The term broadcasting describes how numpy treats arrays with different shapes during arithmetic operations. Subject to certain constraints, the smaller array is “broadcast” across the larger array so that they have compatible shapes. Broadcasting provides a means of vectorizing array operations so that looping occurs in C instead of Python. It does this without making needless copies of data and usually leads to efficient algorithm implementations. This notebook also provides hints on when and when not to use broadcasting.

numpy operations are usually done element-by-element which requires two arrays to have exactly the same shape:

In [16]:
from numpy import array
a = array([1.0, 2.0, 3.0])
b = array([2.0, 2.0, 2.0])
a * b


array([2., 4., 6.])

numpy’s broadcasting rule relaxes this constraint when the arrays’ shapes meet certain constraints. The simplest broadcasting example occurs when an array and a scalar value are combined in an operation:

In [7]:
a = array([1.0,2.0,3.0])
b = 2.0
a * b

array([2., 4., 6.])

Scalar b being stretched during the arithmetic operation into an array with the same shape as a. The new elements in b are simply copies of the original scalar. The stretching analogy is only conceptual. numpy is smart enough to use the original scalar value without actually making copies so that broadcasting operations are as memory and computationally efficient as possible.

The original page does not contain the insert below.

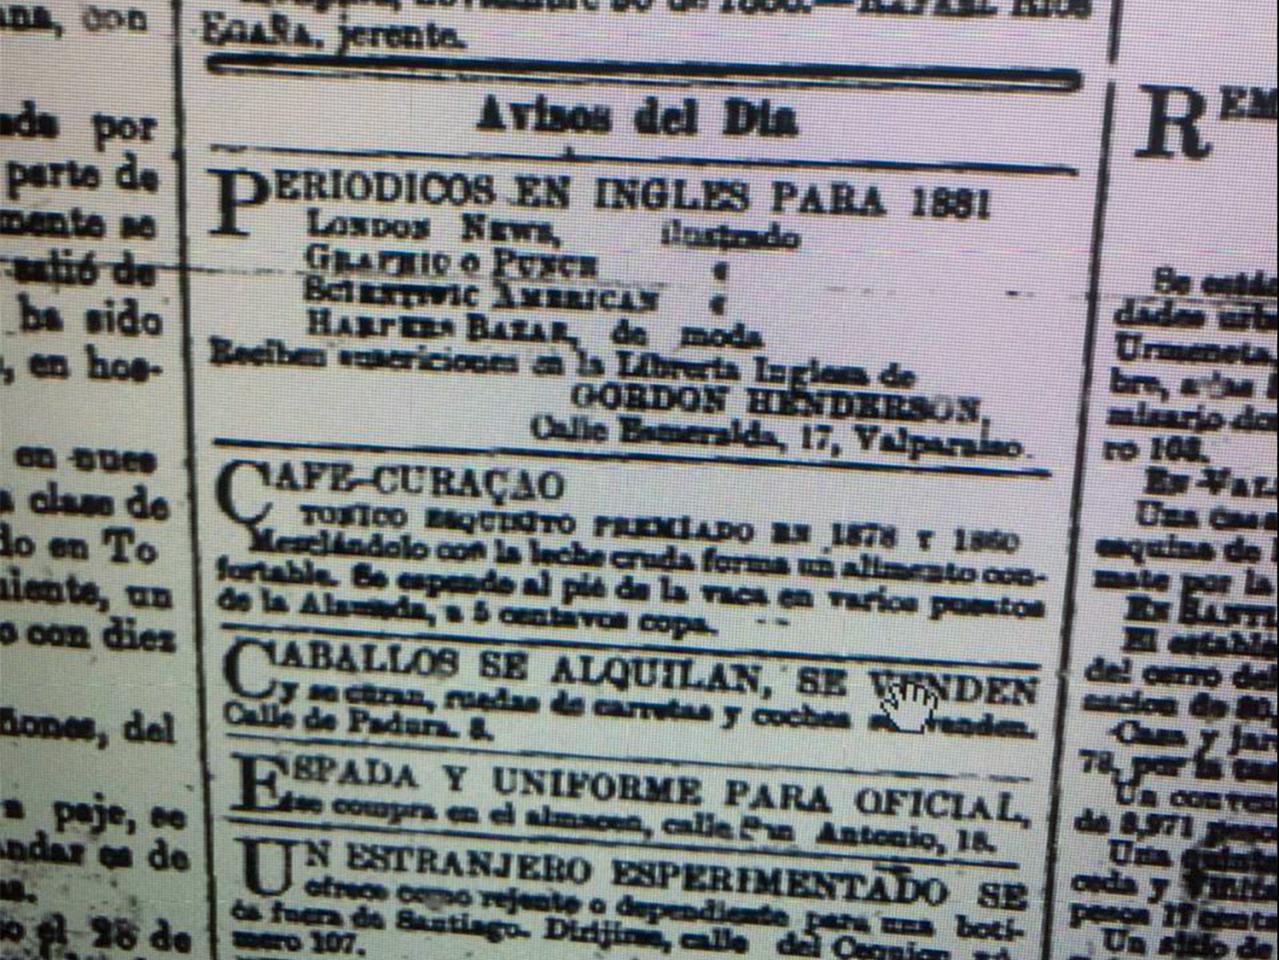 Avisos del Día. Periódicos en inglés para 1881
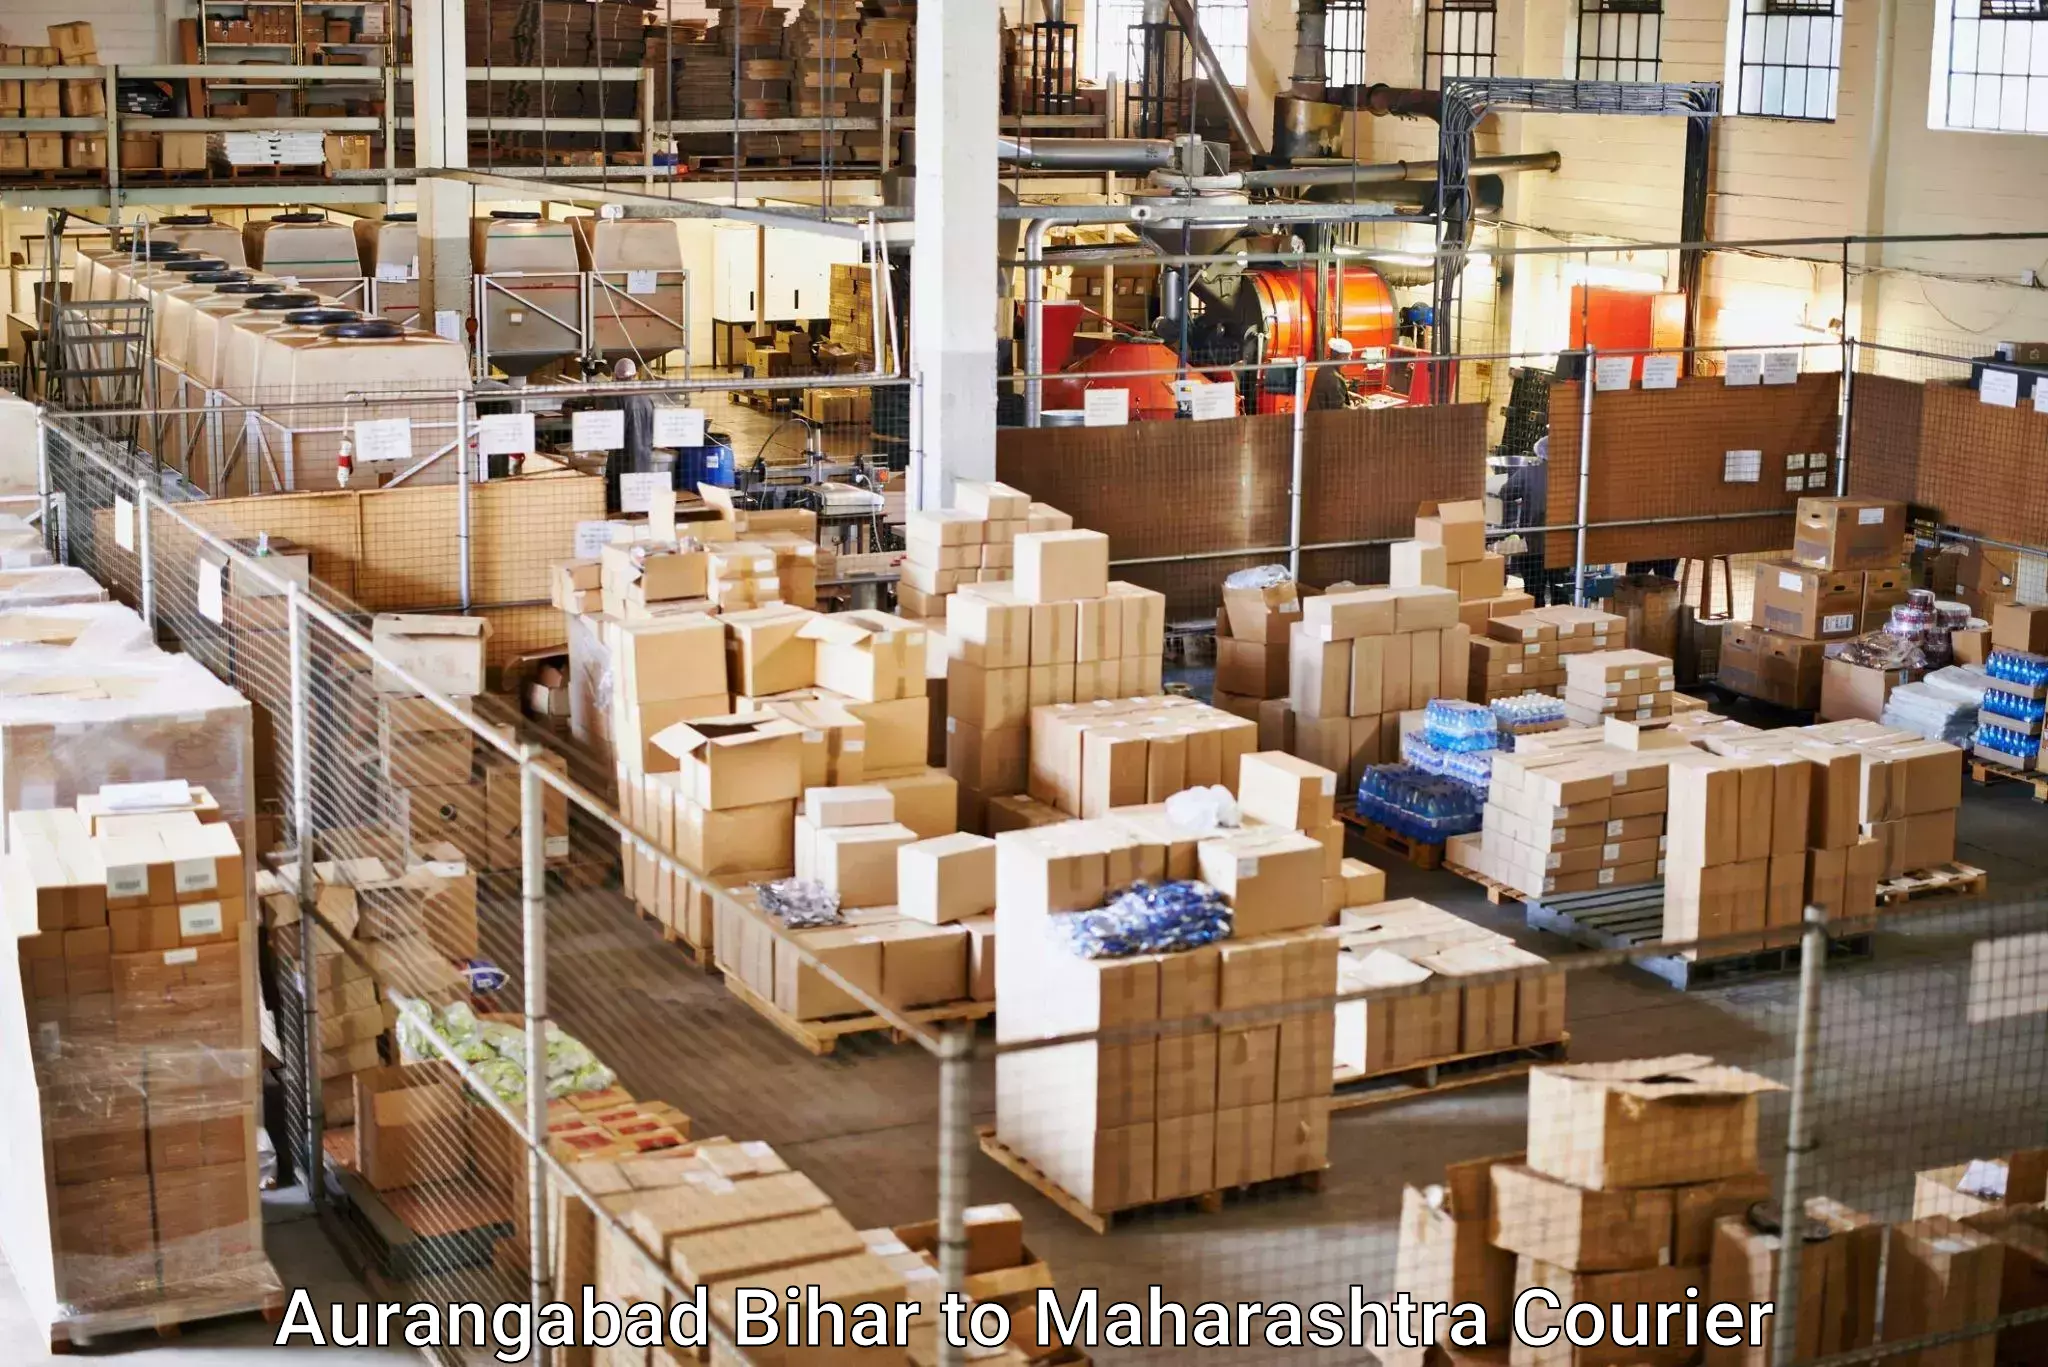 Cost-effective courier solutions Aurangabad Bihar to Buldhana

Because second example moves less memory, (b is a scalar, not an array) around during the multiplication, it is about 10% faster than Example 1 using the standard numpy on Windows 2000 with one million element arrays.

##### The Broadcasting Rule:
###### In order to broadcast, the size of the trailing axes for both arrays in an operation must either be the same size or one of them must be one.

In [17]:
a = array([[ 0.0,  0.0,  0.0],
           [10.0, 10.0, 10.0],
           [20.0, 20.0, 20.0],
           [30.0, 30.0, 30.0]])
b = array([1.0, 2.0, 3.0])##4 added
a+b

array([[ 1.,  2.,  3.],
       [11., 12., 13.],
       [21., 22., 23.],
       [31., 32., 33.]])

In [11]:
a = array([0.0, 10.0, 20.0, 30.0])
b = array([1.0, 2.0, 3.0])
a[:,newaxis] + b

array([[ 1.,  2.,  3.],
       [11., 12., 13.],
       [21., 22., 23.],
       [31., 32., 33.]])

Here the newaxis index operator inserts a new axis into a, making it a two-dimensional 4x1 array. The stretching of both arrays to produce the desired 4x3 output array.